- Instructions to follow
Word for word, copy the data that follows and skip its pictures.

Source records
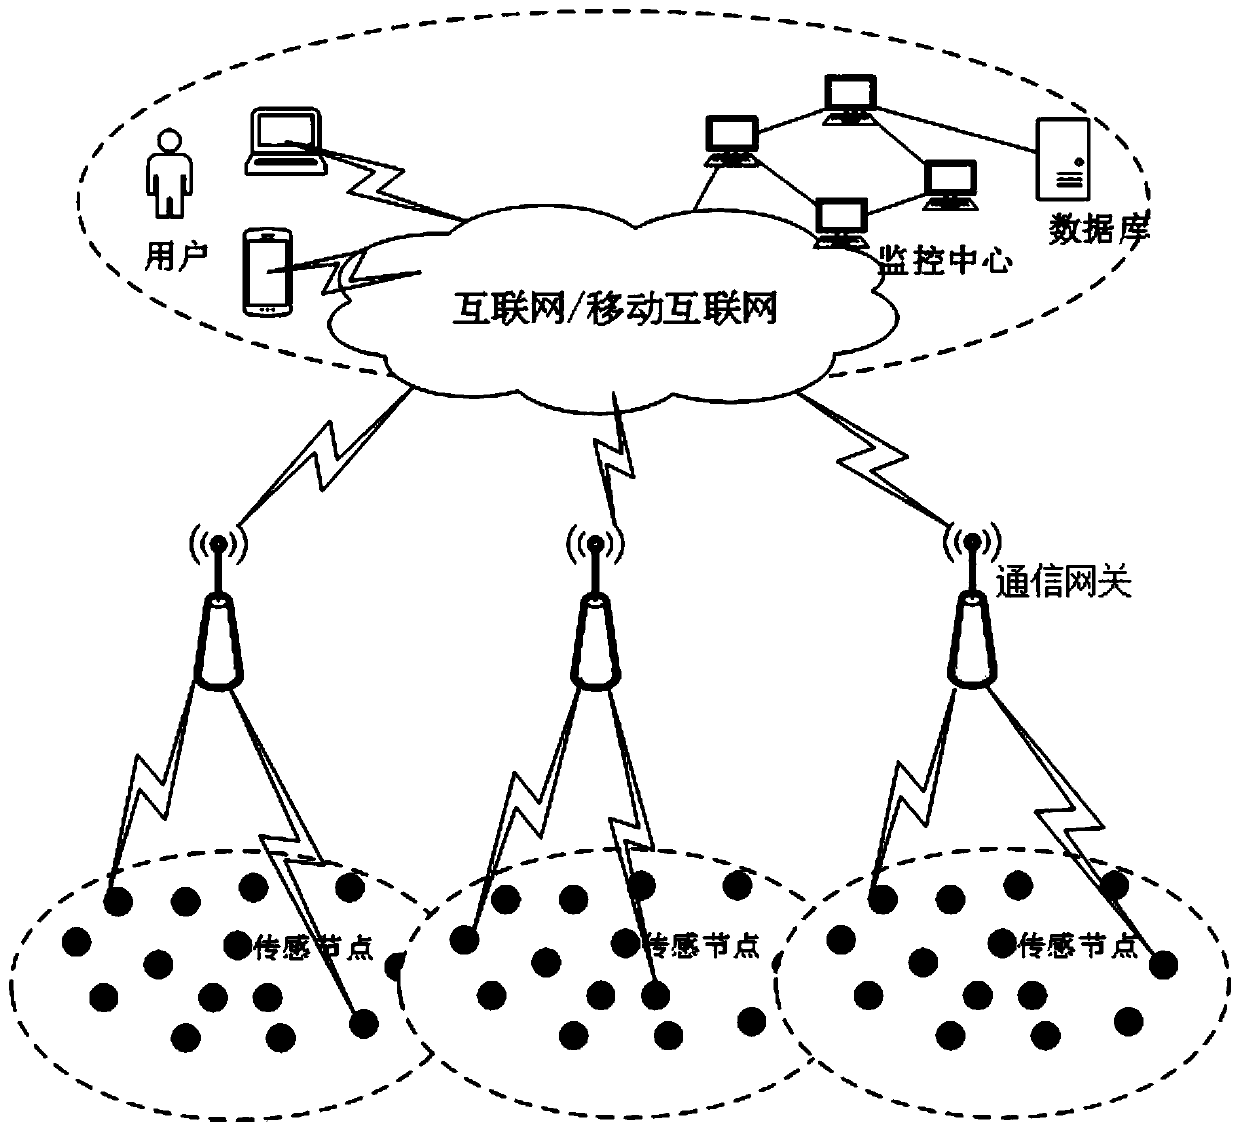 Bandwidth prediction method and system for power distribution communication service
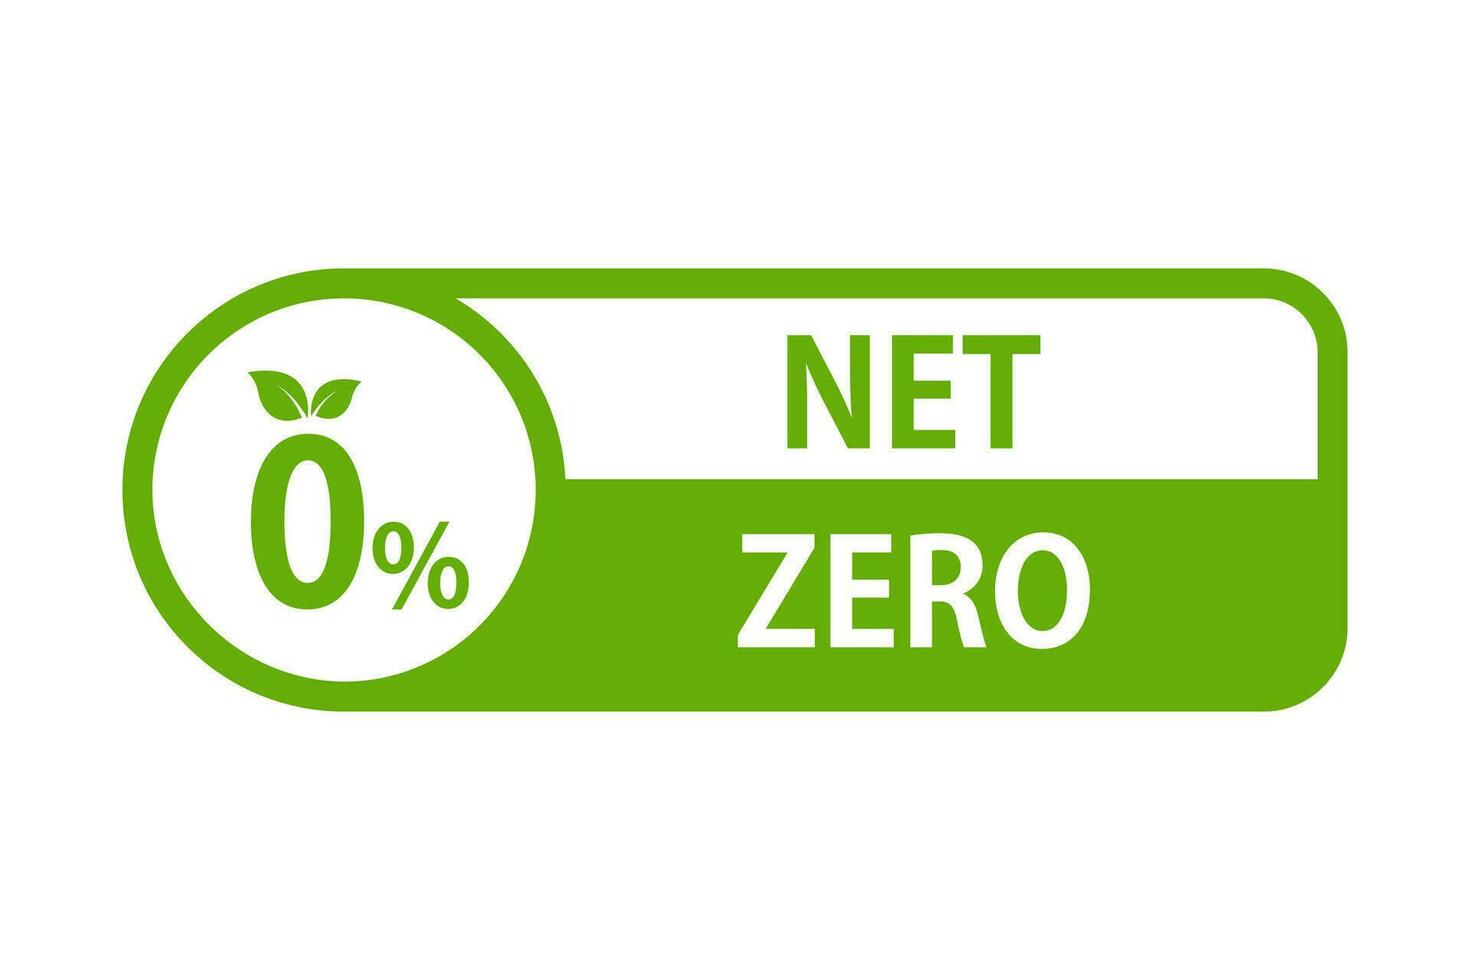 net zero carbon footprint icon vector emissions free no atmosphere pollution CO2 neutral stamp for graphic design, logo, website, social media, mobile app, UI
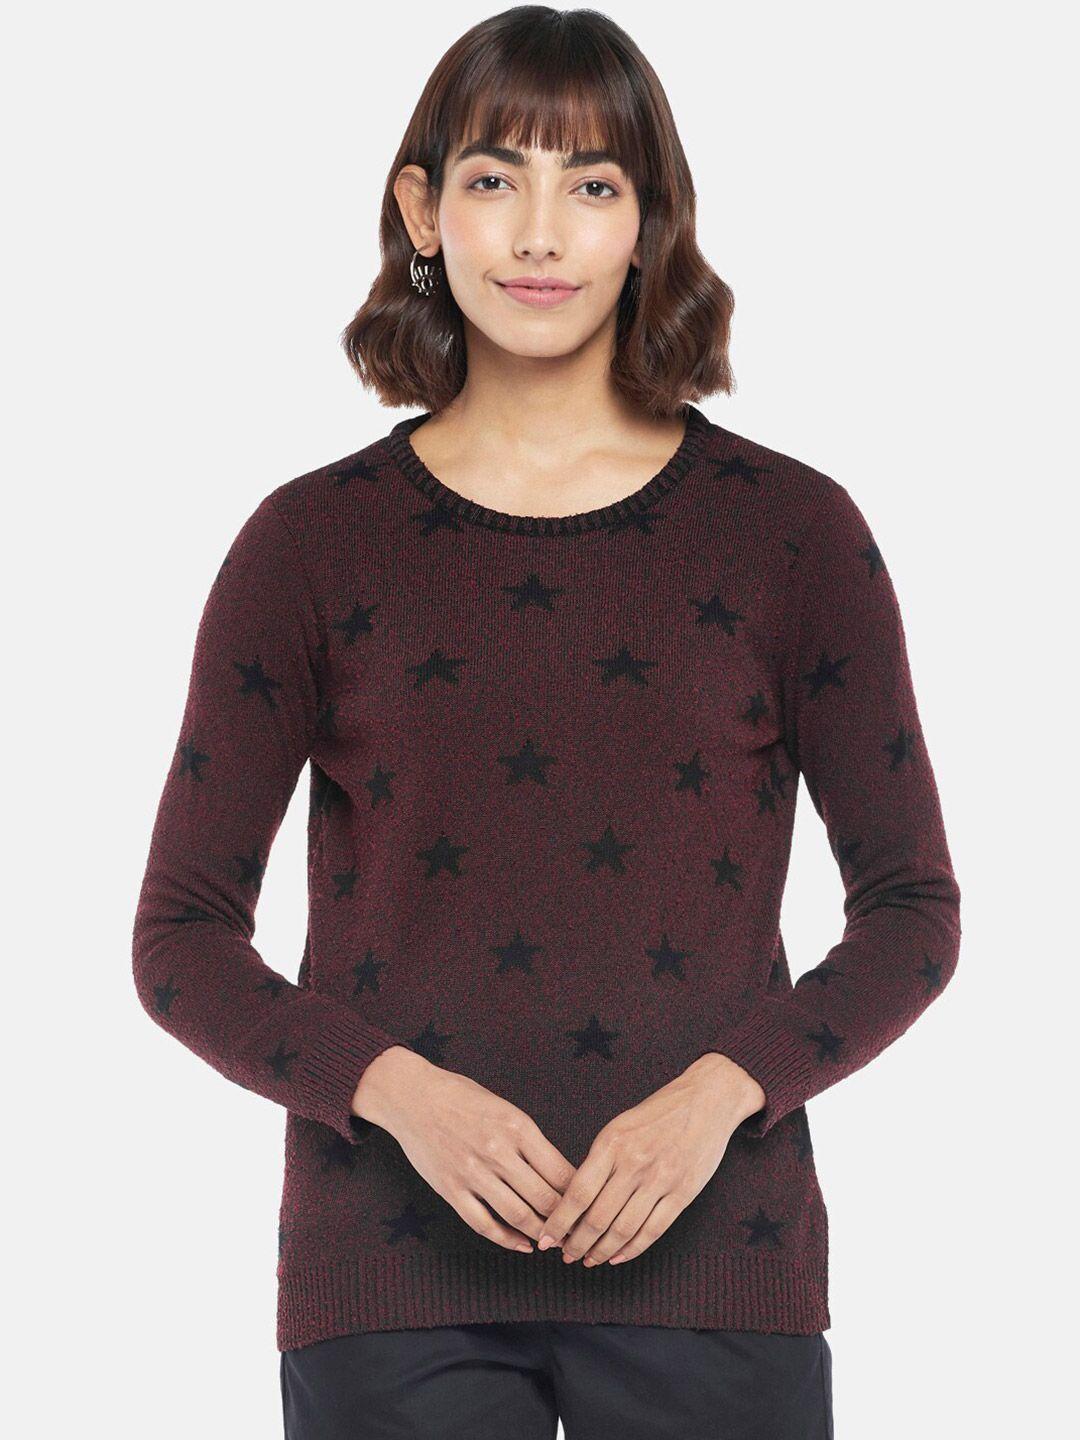 honey-by-pantaloons-women-brown-&-black-printed-pullover-with-fuzzy-detail
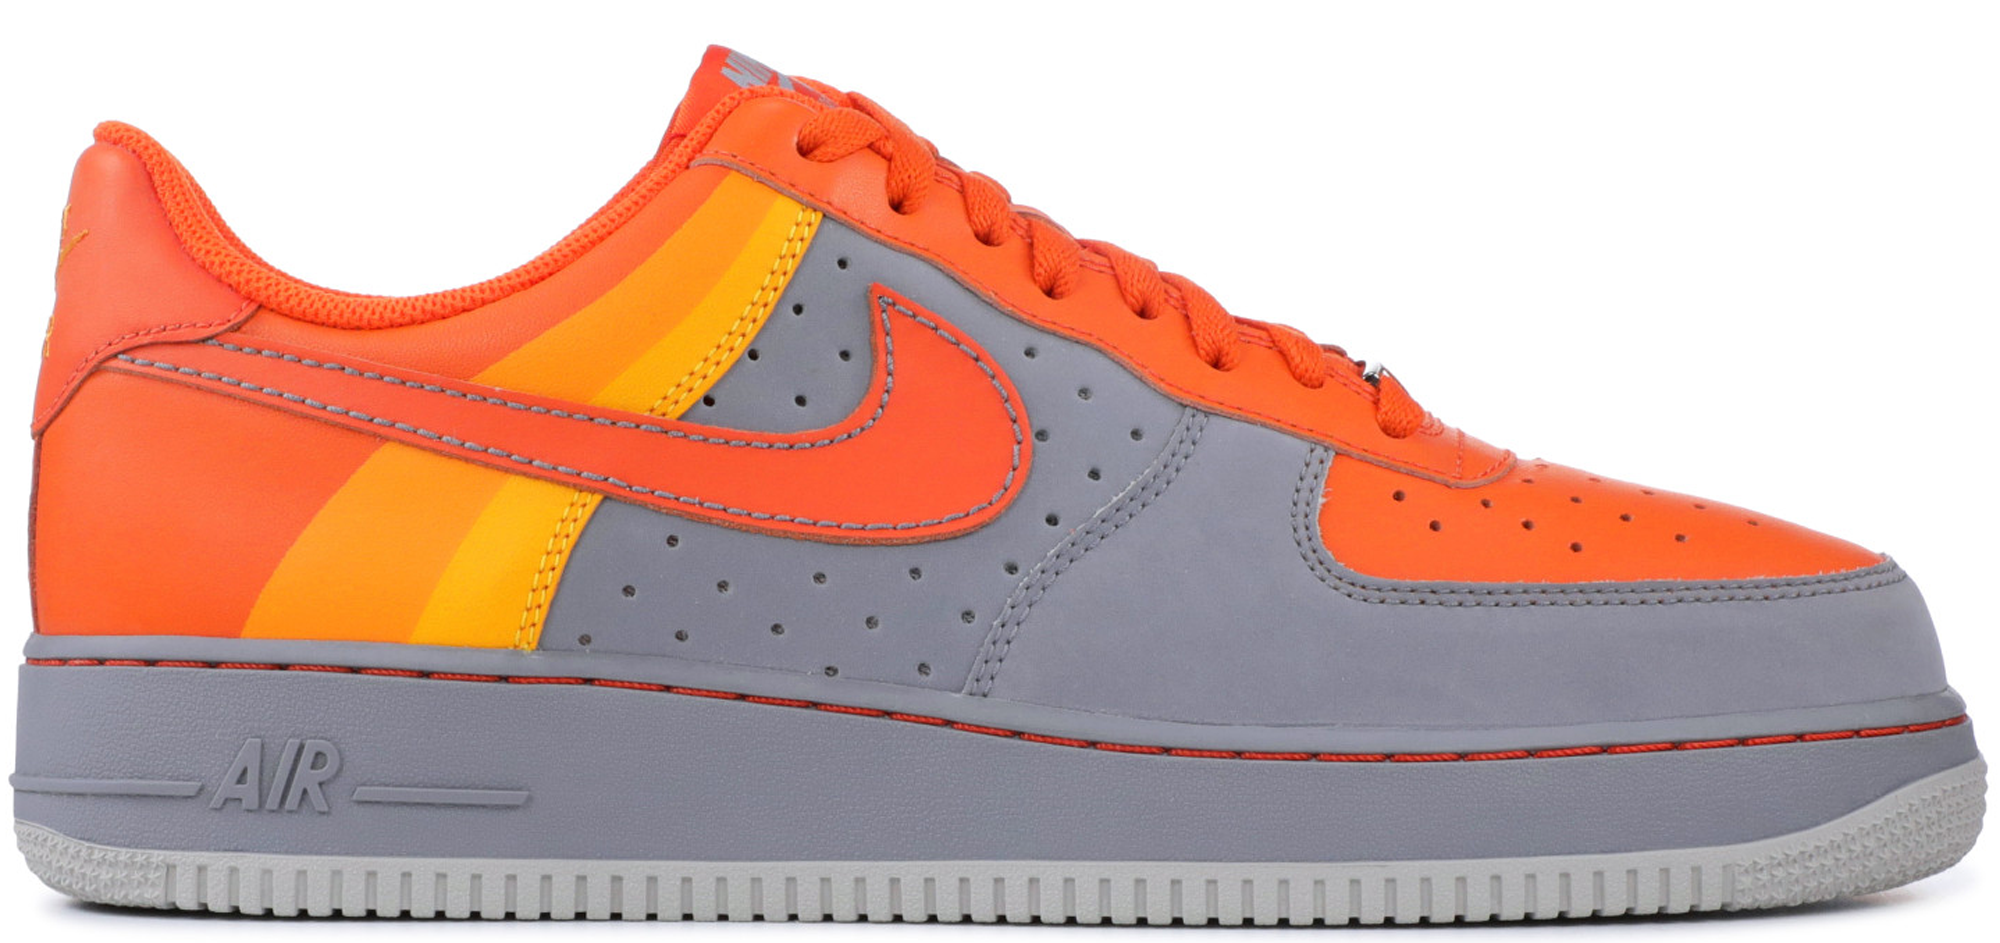 Nike Air Force 1 Low Barkley Pack 
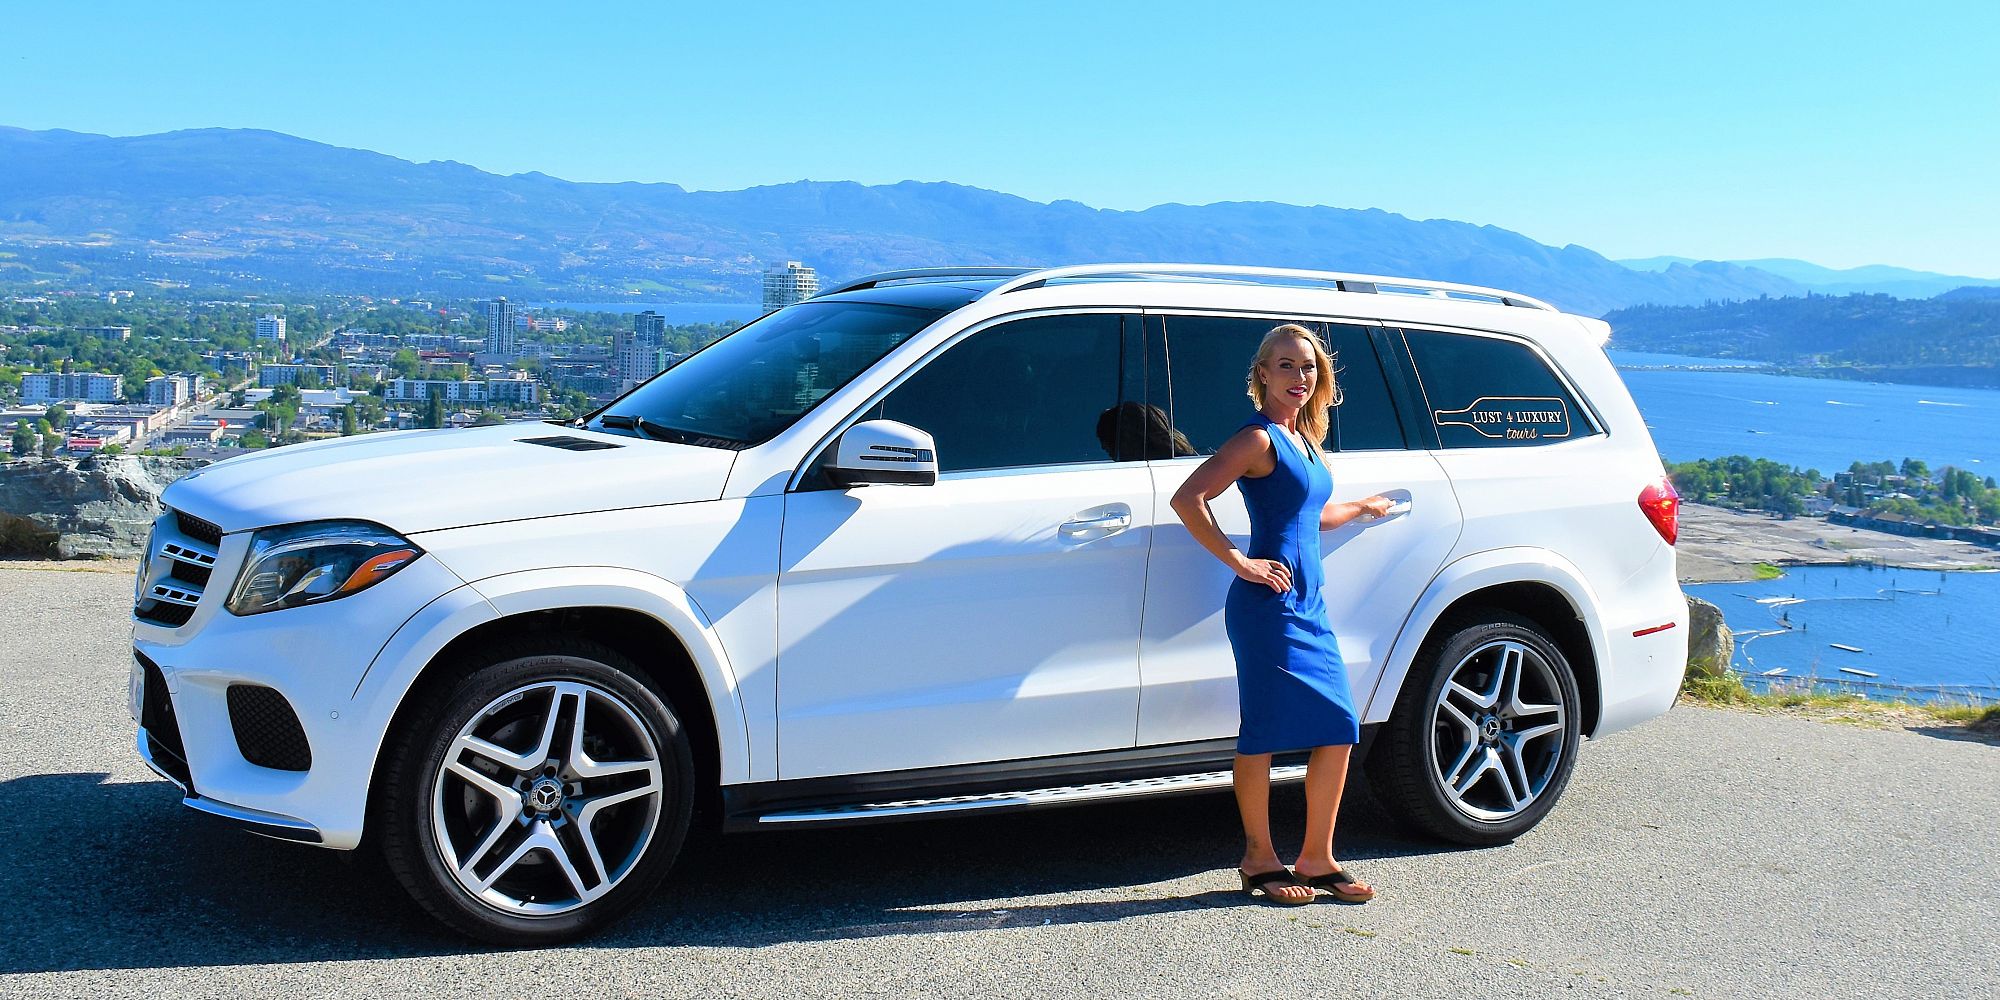 Stacey Lust With The Best Mercedes-Benz Wine Touring Vehicle In Penticton and Naramata, BC

- Exercise answer
 Bandwidth prediction method and system for power distribution communication service
 net zero carbon footprint icon vector emissions free no atmosphere pollution CO2 neutral stamp for graphic design, logo, website, social media, mobile app, UI
 honey-by-pantaloons-women-brown-&-black-printed-pullover-with-fuzzy-detail
 Nike Air Force 1 Low Barkley Pack 
 Stacey Lust With The Best Mercedes-Benz Wine Touring Vehicle In Penticton and Naramata, BC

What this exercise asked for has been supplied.